The Modulus 18986432541971
The n exponent 65537
The private key 6313259843585


Now we have all the numbers we need.  The modulus, and n is publicly broadcast as the public key, while the private key is kept secret.  To encrypt data, the formula is (plain text)^n mod modulus.

To efficiently take the modulus of a large exponential number, we use the following properties of modulo division as demonstrated in this example:

$$
a \enspace mod \enspace b = c
$$
$$
a^2 \enspace mod \enspace b = c^2 \enspace mod \enspace b = d
$$
$$
a^4 \enspace mod \enspace b = d^2 \enspace mod \enspace b = e
$$
$$
a^8 \enspace mod \enspace b = e^2 \enspace mod \enspace b = f
$$

To calculate 
$
a^{13} \enspace mod \enspace b
$
would be equivalent to 
$
(a^8 \enspace mod \enspace b \times a^4 \enspace mod \enspace b \times a \enspace mod \enspace b ) \enspace mod \enspace b
$

Which can be expressed as 
$
(f \times e \times c) \enspace mod \enspace b
$
using the coefficients in the table above

The trick to tackling a large exponential modulo function (even when the numbers are hundreds of digits long) is to determine all necessary squared modulo coefficients, then multiply the necessary corresponding coefficients so that the product equates to the original number, and determine its modulus.
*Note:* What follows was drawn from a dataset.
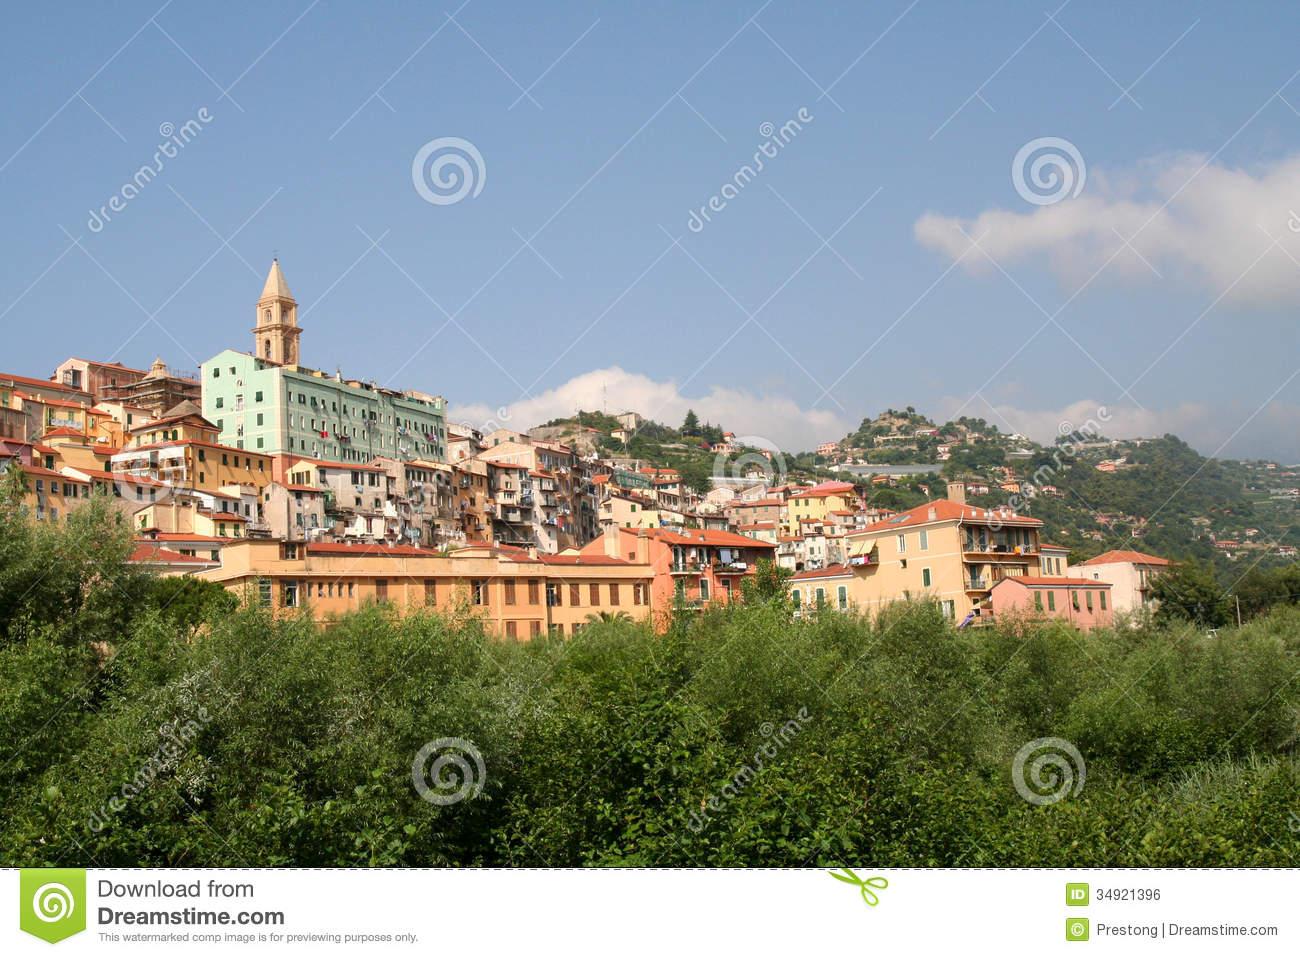 Ventimiglia Alta. Royalty Free Stock Image.

This effect is reflected in the ModuloExponent function defined earlier in the first code box.


Now we have all the necessary fuctions and variables defined.  We will attempt to encrypt a number

In [22]:
#Replace the plaintext variable with any number you like
plaintext = 2

Now to encrypt it using the modulo exponent function.  We will take the plaintext to the nth power mod Modulus

In [23]:
ciphertext = ModuloExponent(plaintext, n, modulus)
print("The plaintext number has been changed to: ",ciphertext)

The plaintext number has been changed to:  11201462320055


The ciphertext variable is now the encrypted plaintext number.  The cipher text can be safely sent throughout the internet and only the person with the private key can decrypt it.  To decrypt the ciphertext, we take the cipher text to the private key's power mod Modulus.

In [24]:
decryptedtext = ModuloExponent(ciphertext, pkey, modulus)
print("The decrypted number is: ", decryptedtext)
print("which should match with the original plaintext", plaintext)

The decrypted number is:  2
which should match with the original plaintext 2